We've also built a multimedia lending library that's completely digital, so our chefs have access to about 15 gigs of cookbooks, training materials, etcetera, on a shared drive. Our department also launched a mentorship program and a chef's council, which is a monthly meeting that facilitates interaction between chefs and provides additional professional development.

FE&S: Give us a taste of some recent USC Hospitality menu introductions.

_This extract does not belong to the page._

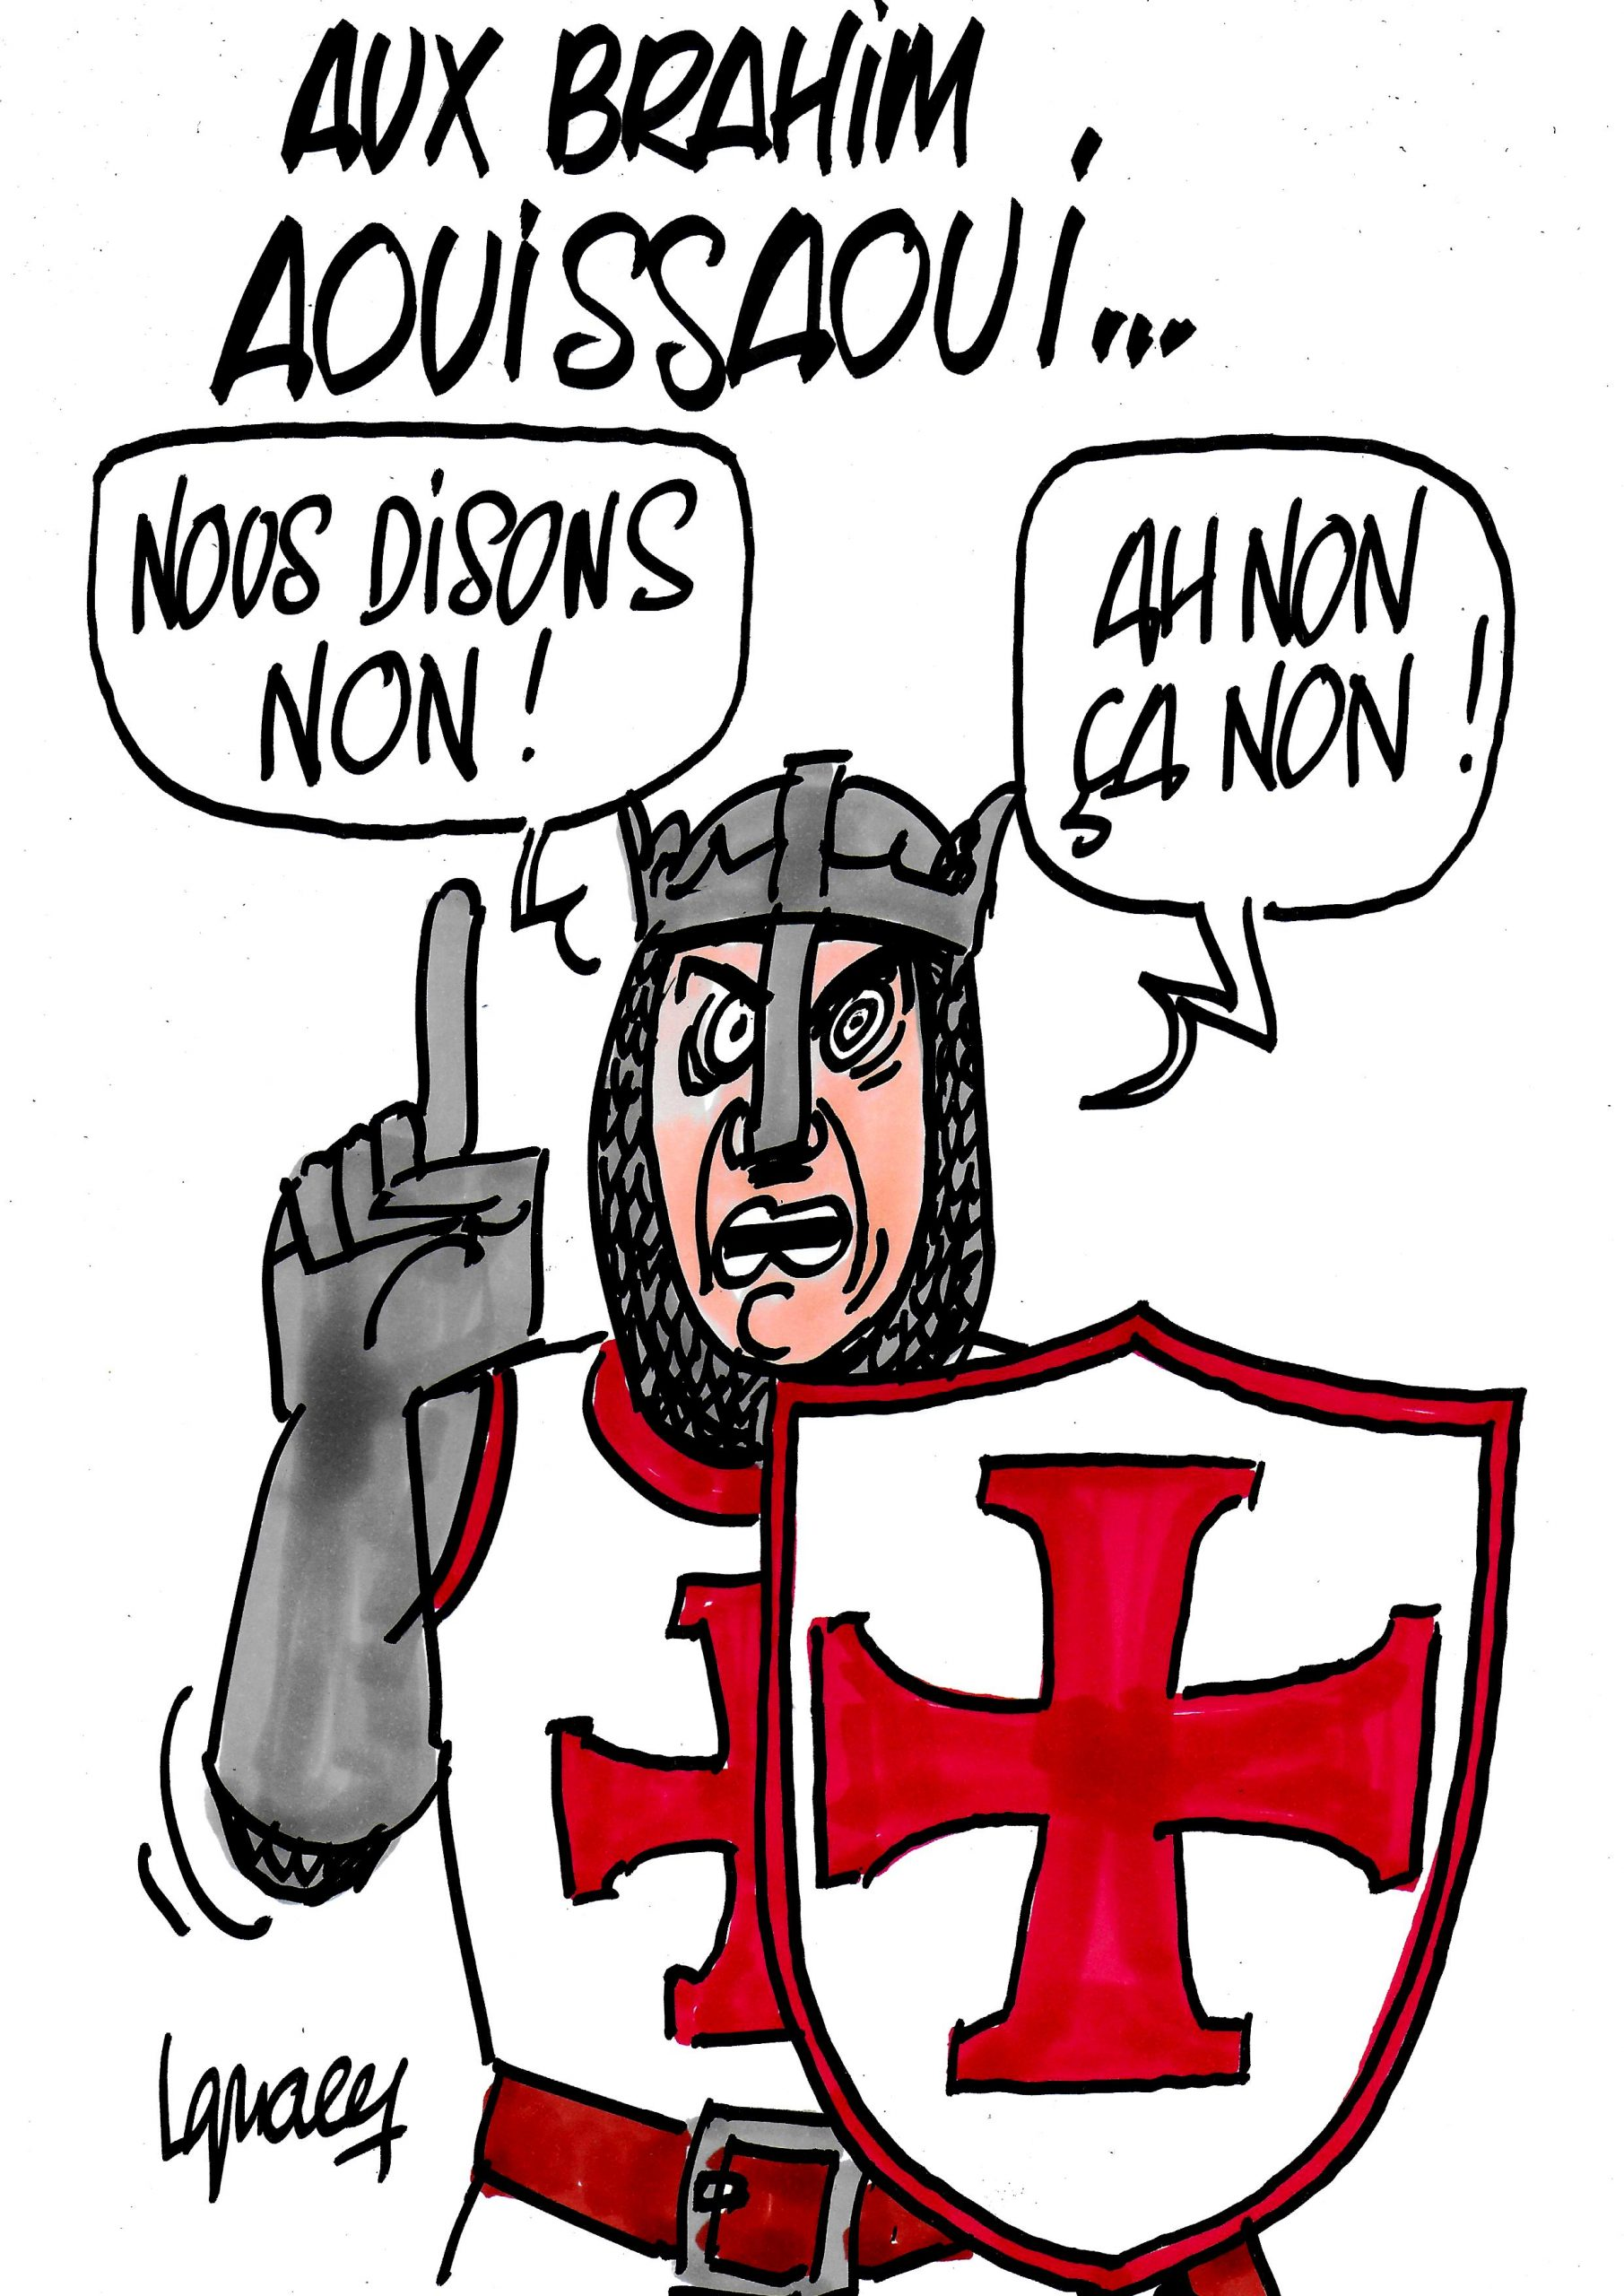 Ignace - Aux Brahim Aouissaoui...

EE: We have a plant-based cooking station in our residential dining format and an amazing spa water program. If you go into any of the residential venues you'll see large tables with waters that are infused with beautiful fruits, herbs and vegetables.
We were the first to do a flexitarian station about three years ago, which help to set the trend nationwide. We've opened another juice bar, and we're getting ready to open a kombucha bar that will also feature Bulletproof coffee (coffee blended with grass-fed butter and triglyceride oil).

FE&S: Complete this sentence as it relates to your campus dining program: "I really wish we could ...

EE: ... open a Michelin-star restaurant on campus. That's a dream of mine. Another dream is to create a Culinary Olympic team from the chefs on campus to compete on an international level. I'm already working on making that a reality.

FE&S: What keeps you in this industry?

EE: Things are always changing. Every day, you have to give people reasons to want to be with you and come back and spend money with you, and give you their time and energy. I get to do that through food. I stay on the USC campus because it's such a unique environment that enables us to do all of that almost at an accelerated rate.